Khader Mohammad, Abdallah Rasheed


An ad-hoc network consists of mobile nodes constructing a network that the topology changes dynamically. The Ad-hoc On Demand Distance Vector Routing (AODV) protocol is an algorithm used for the implementation of such networks. The connection between nodes is established for the duration of one session,        so no need to have a base station in order to establish such a connection between nodes. Nodes discover other target nodes that are out of range by broadcasting the network with Rout Requests (RREQ) that are forwarded by each node.
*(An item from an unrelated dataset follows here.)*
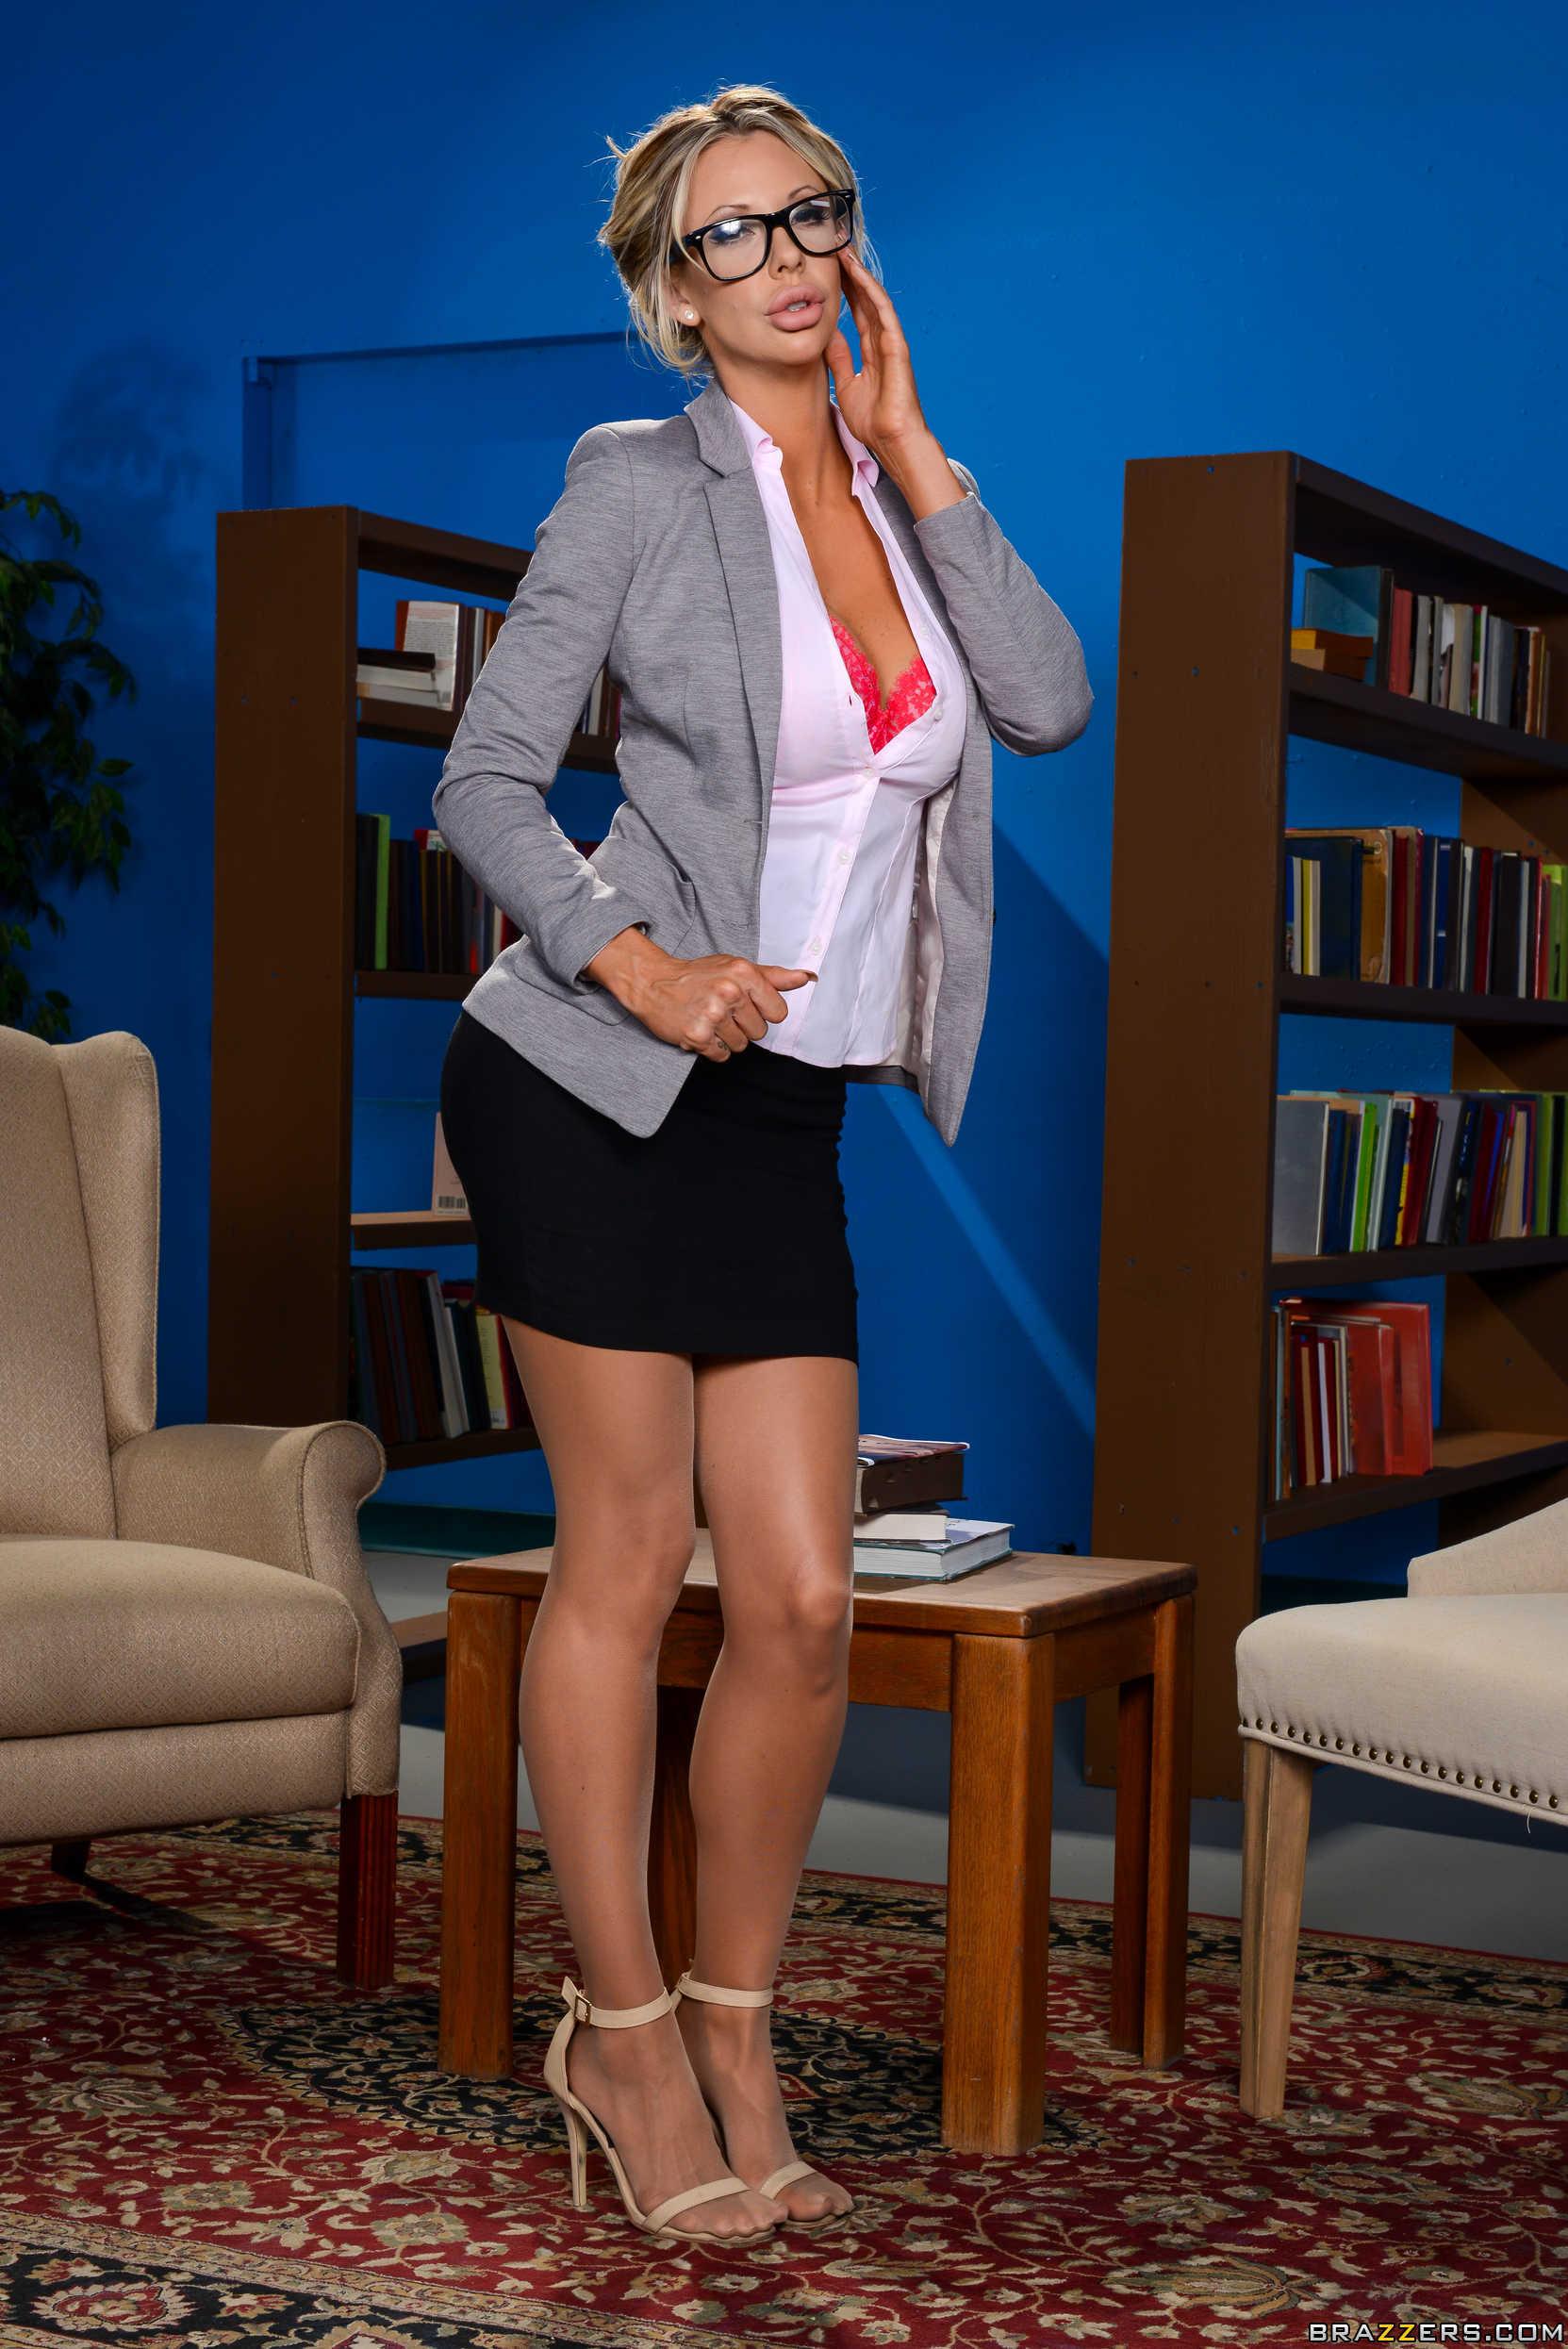 Courtney Taylor - la profesora rubia muestra su conchita
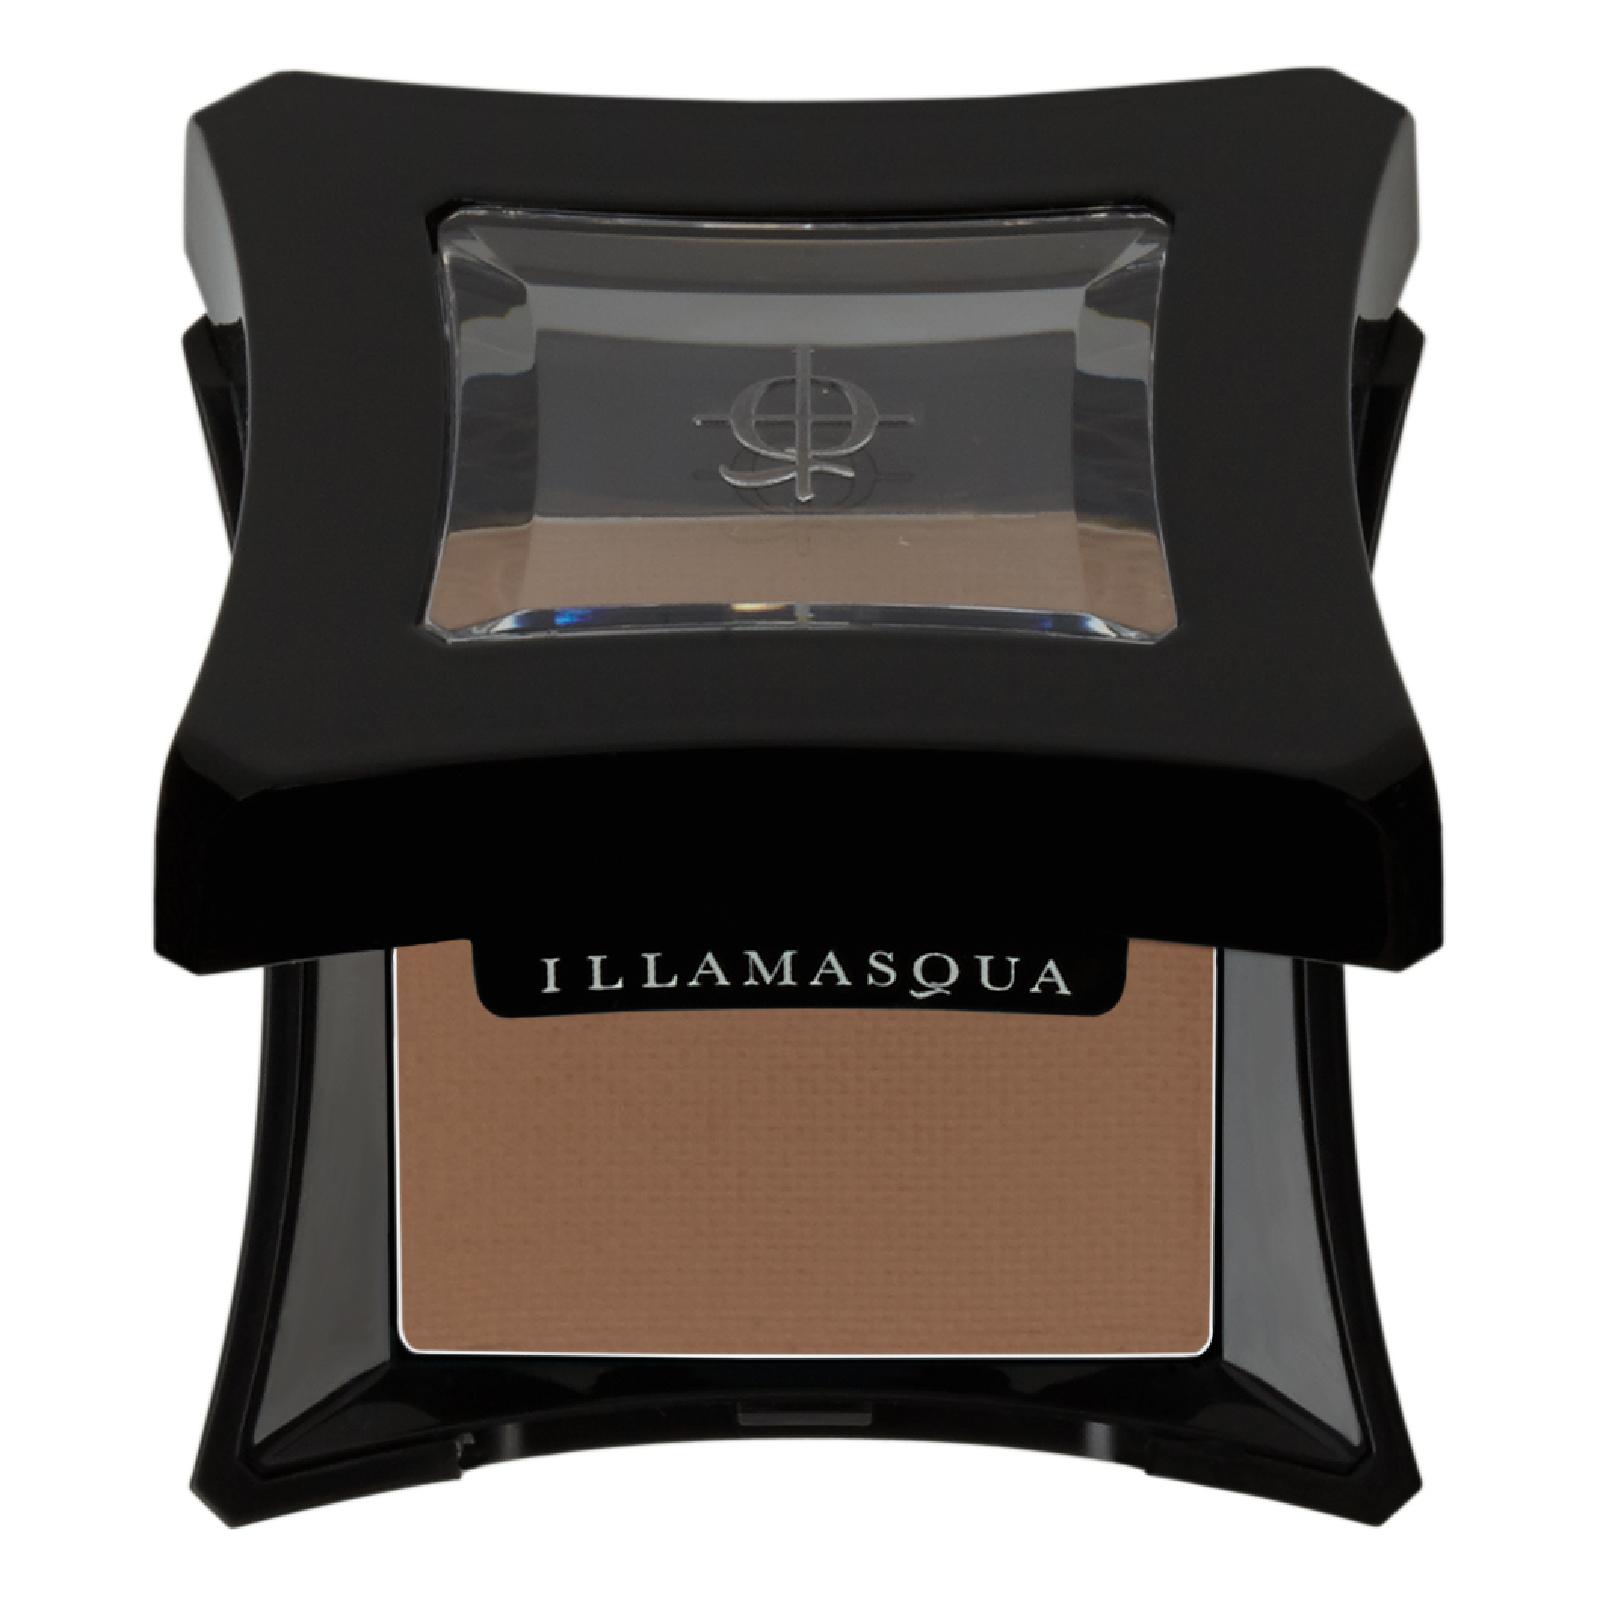 Illamasqua Powder Eye Shadow 2g (Various Shades) - Heroine

If the destination node get the RREQ, then it sends back Route Reply (RREP) to the source node. After the route has been discovered between source node and destination node, then it’s the time to start sending data thru that route. This paper is an exploration and comparison of several AODV implementations including: Mad-hoc, AODV-UCSB, AODV-UU, Kernel-AODV and AODV-UIUC. It gives details on how AODV works. In addition, this paper presents a discussion of the advantages as well as disadvantages of each implementation. Also, it explains implementation techniques of the AODV protocol to determine the needed events, such as: Snooping, Kernel Modification, and Netfilter. AODV-UU has been used as a routing agent for mobile nodes in the Network Simulator NS-2.  Because of AODV-UU is publicly recommended implementation of AODV and more portable than the other implementations, I choose to install and configure AODV-UU implementation and run it in Network Simulator NS-2.